Et les exemples sont nombreux. Le gras en est un. Parce qu’on l’a considéré comme l’ennemi à abattre pendant longtemps, les gens se sont alors tournés vers les aliments pauvres en gras… mais riches en sucre! «Et aujourd’hui, la preuve est faite quant aux effets néfastes de cette surconsommation de sucre», spécifie Bernard Lavallée. Prenons aussi le gluten. Même si seulement 1 % de la population y est intolérante, la multiplication des produits sans gluten (on a même vu du bain moussant pour enfants sans gluten!) est tout simplement ahurissante. C’est sans compter la multitude de régimes, de blogues et de livres de recettes gluten-free.

«De plus, on reçoit plusieurs informations contradictoires, note Geneviève Nadeau. Le lait en est un bon exemple. Ses détracteurs affirment qu’il n’est pas bon pour la santé et causerait même le cancer, alors que des études avancent qu’on n’en consommerait pas suffisamment. Se nourrir est devenu compliqué!» À son avis, cette tendance à “démoniser” certains aliments et en vénérer d’autres ne serait pas la meilleure idée qu’on ait eue. «Car quand on y regarde de plus près, l’aliment parfait n’existe pas», estime-t-elle.

Jean-Pierre Lemasson se montre quant à lui indulgent envers nous: «C’est dans la race humaine d’être toujours un peu inquiet à propos de ce qu’on mange: c’est une question de survie.» Et d’après lui, si la surabondance de renseignements tend à alimenter cette angoisse, cette dernière serait néanmoins souvent justifiée. «Les pratiques en agroalimentation ne sont pas toujours géniales, dit-il. On a juste à penser à l’utilisation de pesticides. Et pour répondre à ça, notre instinct de survie fait en sorte qu’on se tourne maintenant de plus en plus vers le bio.»

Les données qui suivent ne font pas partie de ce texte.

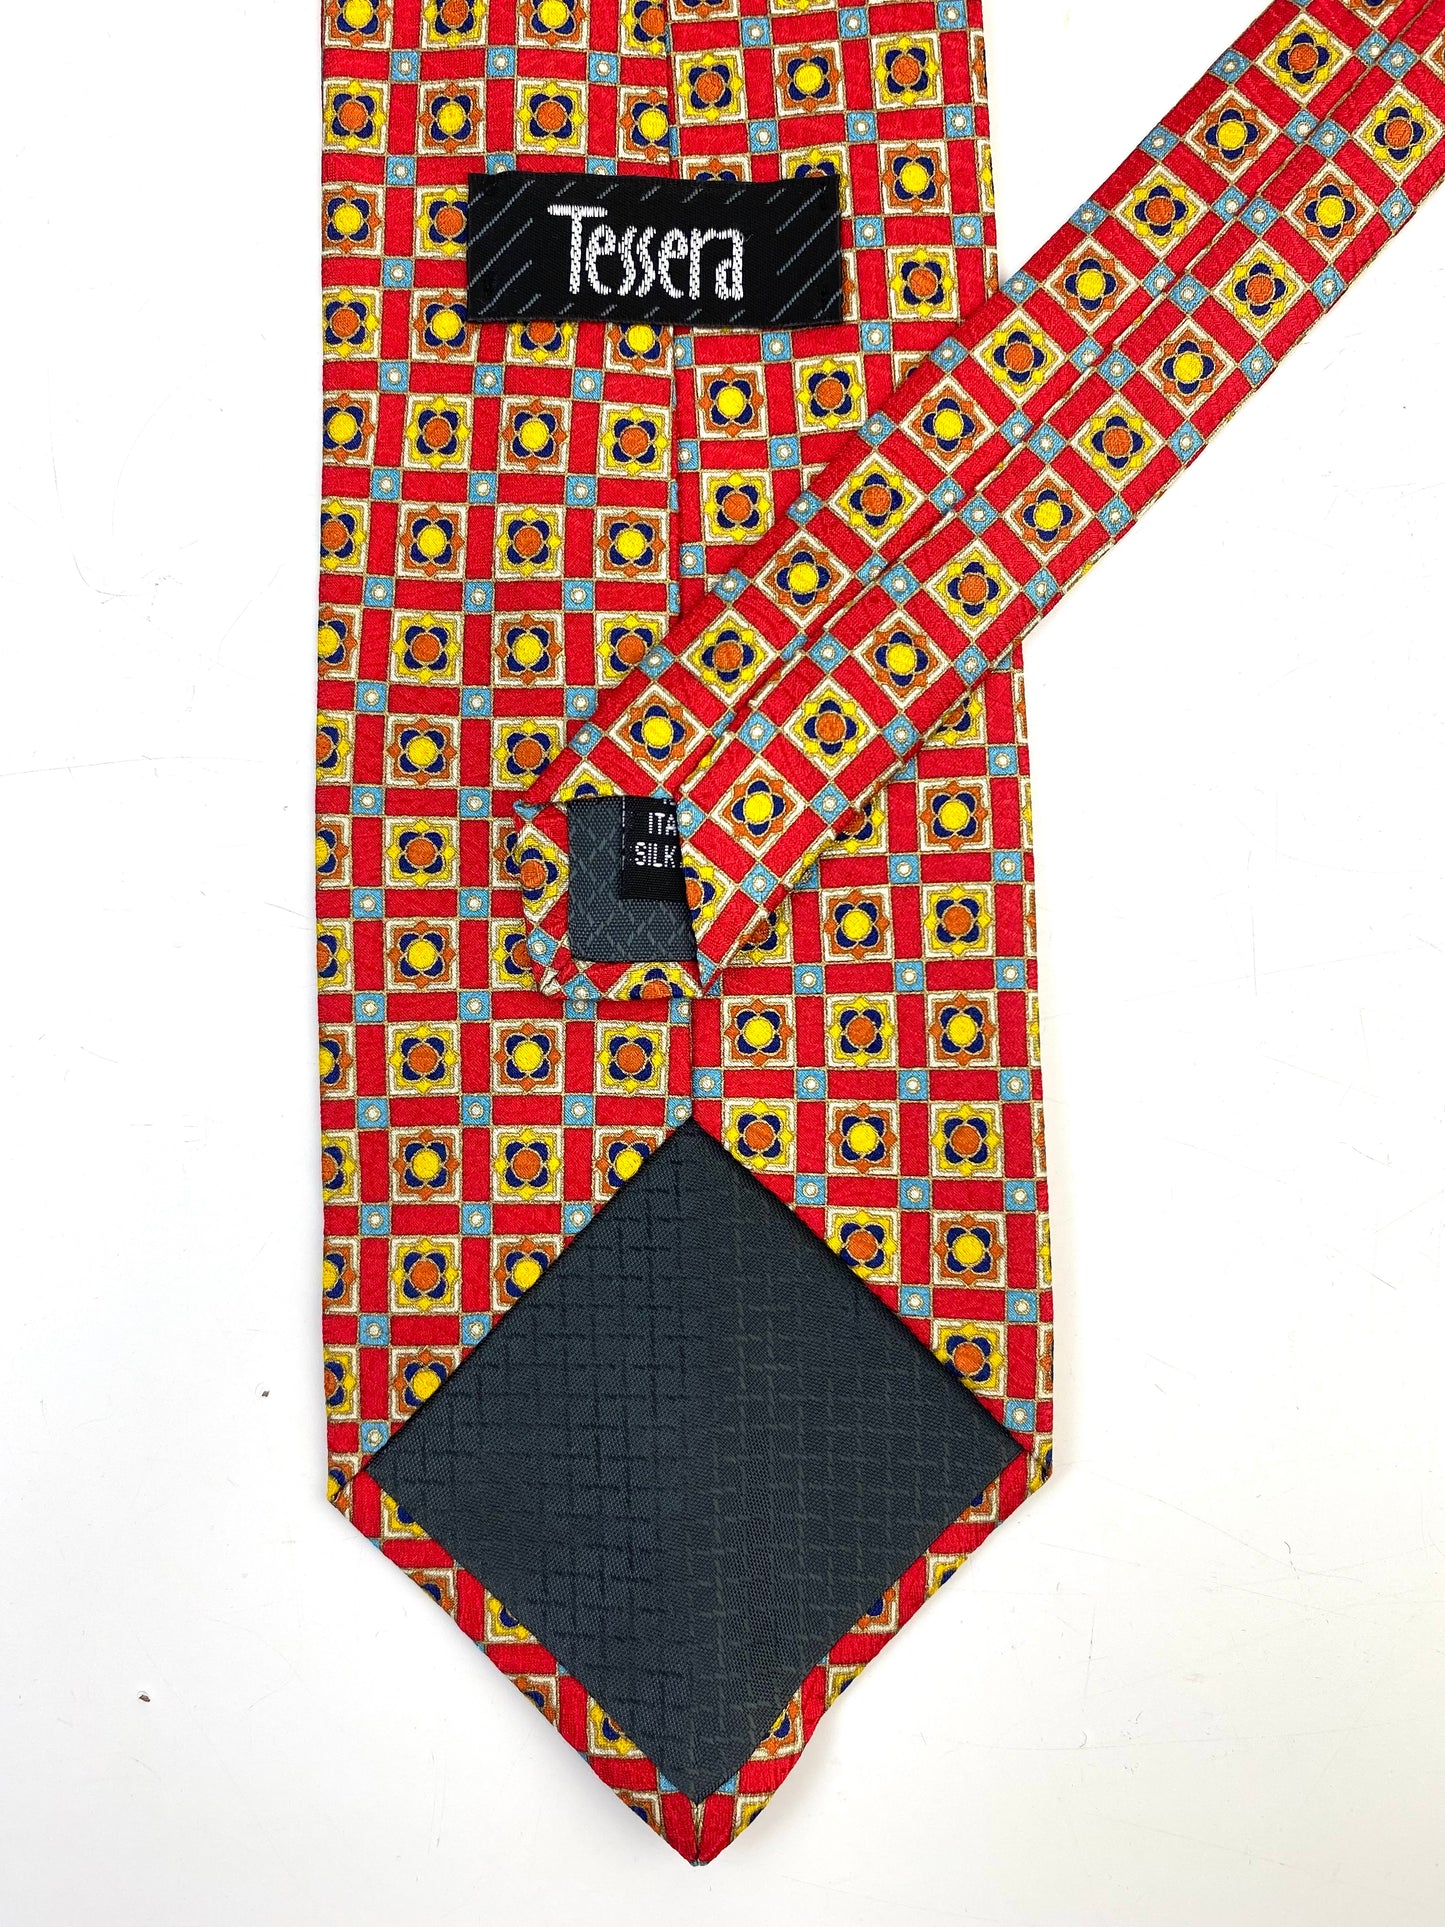 90s Deadstock Silk Necktie, Men's Vintage Red/ Gold Geometric Quatrefoil Pattern Tie, NOS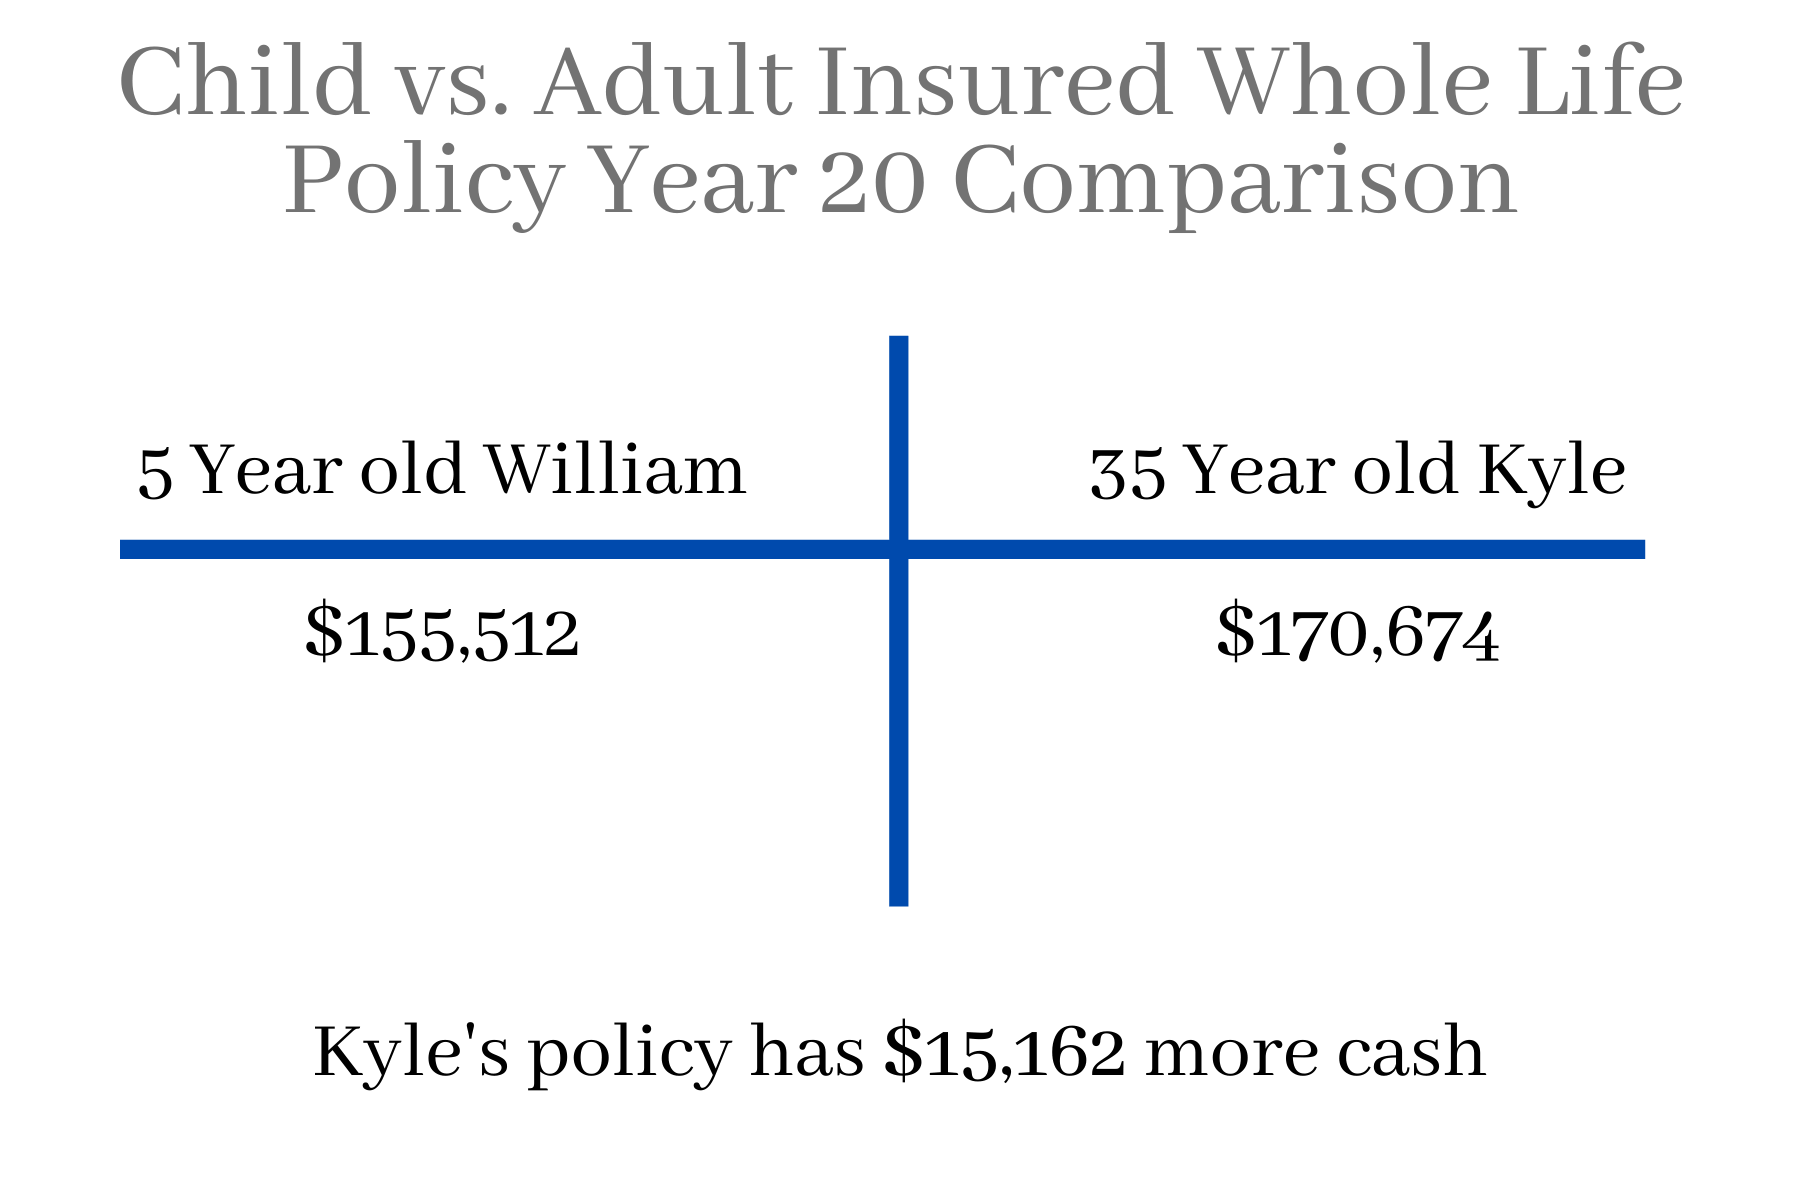 Child vs. Adult Whole Life Policy Comparison

Geneviève Nadeau aimerait d’ailleurs que notre instinct redevienne notre principal guide. Bien sûr, notre considération pour l’environnement ainsi que pour notre santé est louable et même vitale, à condition de ne pas en faire une maladie. L’hédonisme qui en pousse plusieurs à devenir fins gourmets et virtuoses dans leur cuisine est aussi tout à fait noble.

«Par intérêt pour notre santé, par amour des belles assiettes colorées, par désir d’offrir le meilleur à mes enfants, je cuisine beaucoup et bien. Mais c’est de plus en plus difficile de le faire sans culpabilité. Du gluten, c’est pas bon? Et le poisson d’élevage? Et faut-il s’inquiéter des milliers de kilomètres que parcourent mes fruits et légumes plusieurs mois par année? Ça me stresse.»

Anaïs, 37 ans

«J’ai quatre enfants. Oui, je me soucie de ce qu’ils mangent et de leur santé. Mais il ne faut pas virer fou! Ce n’est pas parce qu’ils mangent des Oreo qu’ils vont avoir le cancer! Il y a des mères qui m’ont déjà regardée croche parce que je permets des choses à mes enfants de temps en temps, comme de s’empiffrer de dessert ou de manger du fast-food. J’étais le démon en personne. Je pense qu’on est devenus complètement paranos à propos de la nourriture!»